This paper analyses energy savings, GHG emission reductions and costs of bio-refinery systems for polylactic acid (PLA) production. The systems comprise ‘multi-functional’ uses of biomass resources, i.e. use of agricultural residues for energy consumption, use of by-products, and recycling and waste-to-energy recovery of materials. We evaluate the performance of these systems per kg of bio-based polymer produced and per ha of biomass production. The evaluation is done using data of Poland assuming that biomass and PLA production is embedded in a European energy and material market.

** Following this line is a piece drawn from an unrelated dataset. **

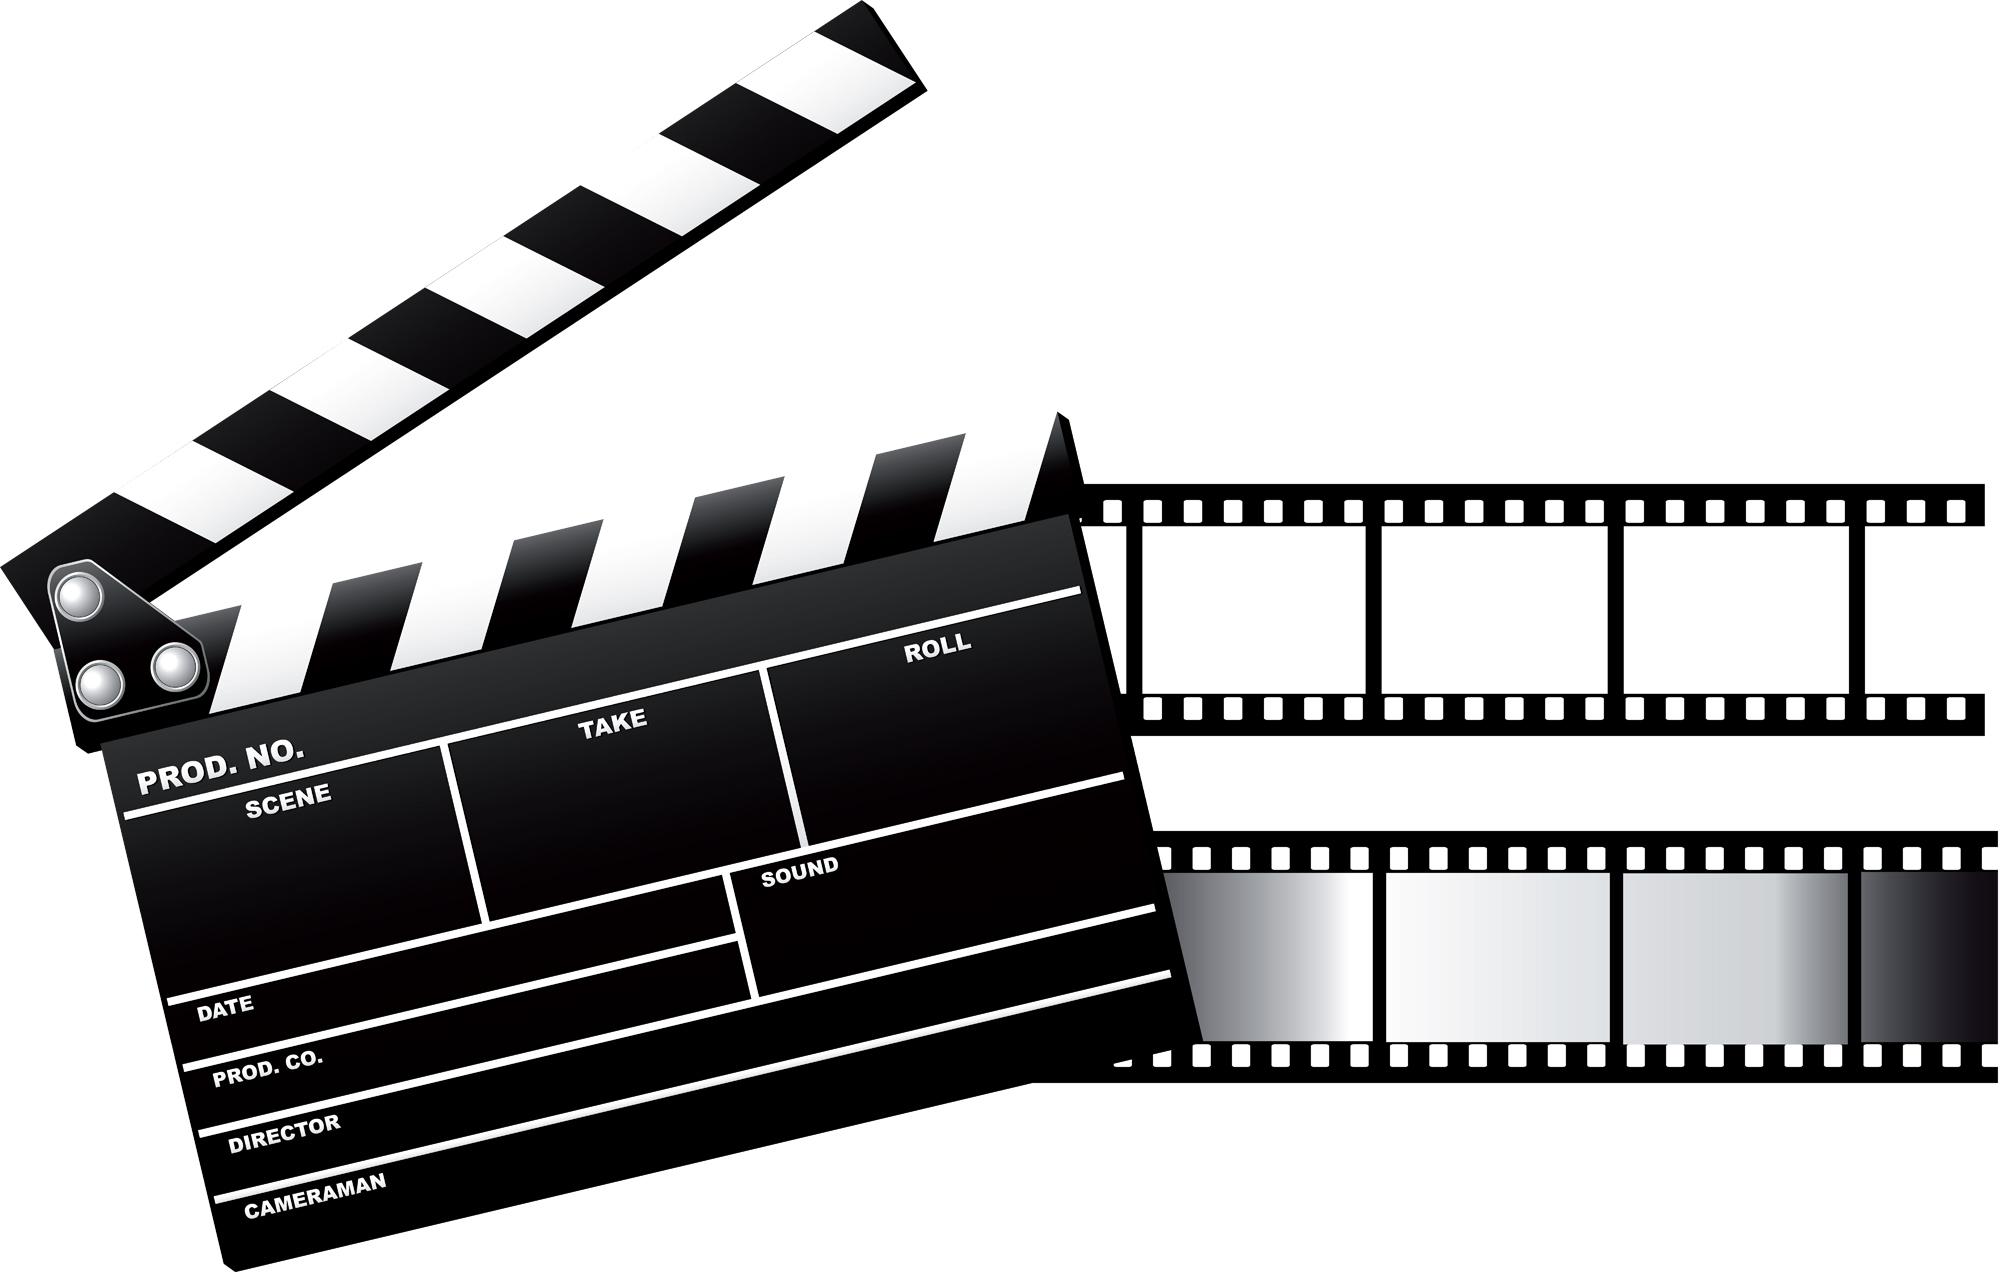 Movie clipart flim Film Image Movie 4734 Film
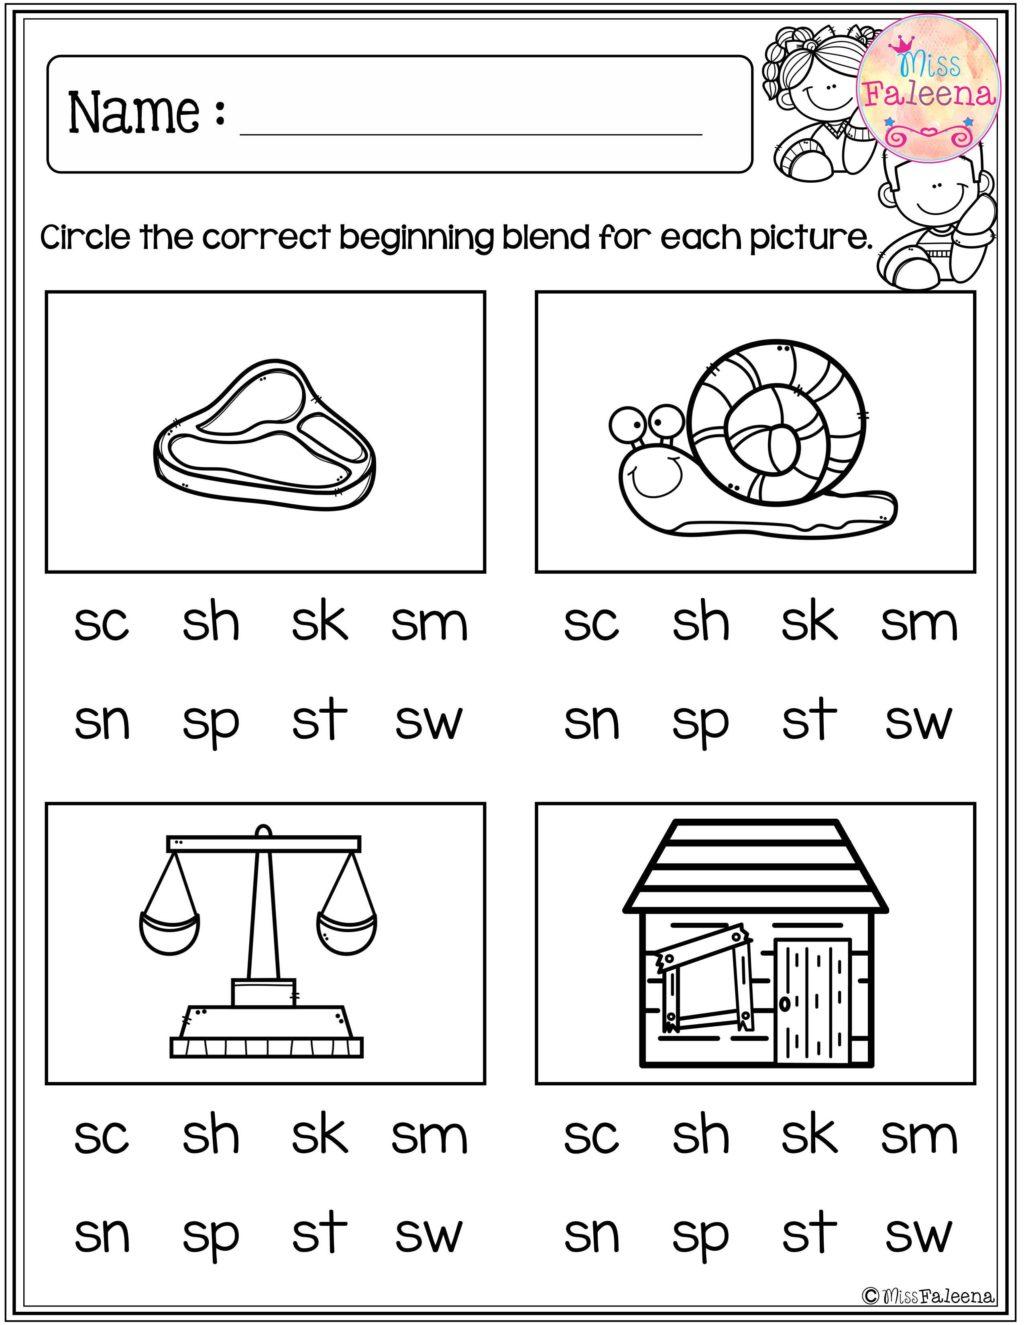 Worksheet ~ Free Beginning Blends Activities Worksheets regarding Alphabet Blends Worksheets

First, the performance of different bio-refinery systems is investigated by means of a bottom-up chain analysis. Second, an analysis is applied that derives market prices of products and land depending on the own-price elasticity of demand. Thus, the costs of bio-refinery systems depending on the demand of land and material are determined. It is found that all PLA bio-refinery systems considered lead to net savings of non-renewable energy consumption of 70–220GJ/(hayr) and net GHG emission reductions of 3–17MgCO2eq/(hayr). Most of these PLA bio-refinery systems lead to net costs for the overall system of up to 4600€/(hayr). PLA production from short rotation wood leads to net benefits of about 1100€/(hayr) if a high amount of a high value product, i.e. fibres, is produced. Multi-functionality is necessary to ensure the viability of PLA bio-refinery systems from biomass with regard to energy savings and GHG emission reduction. However, the multi-functional use of biomass does not contribute much to overall incomes. Multifunctional biomass use – especially the use of biomass residues for energy consumption – contributes significantly to savings of non-renewable energy sources. Own-price elasticity of the demand for materials influences the overall costs of the bio-refinery system strongly. The own-price elasticity of land demand markets could become important if bio-refineries are introduced on a large scale.

Suggested Citation

  • Dornburg, V. & Faaij, A. & Patel, M. & Turkenburg, W.C., 2006. "Economics and GHG emission reduction of a PLA bio-refinery system—Combining bottom-up analysis with price elasticity effects," Resources, Conservation & Recycling, Elsevier, vol. 46(4), pages 377-409.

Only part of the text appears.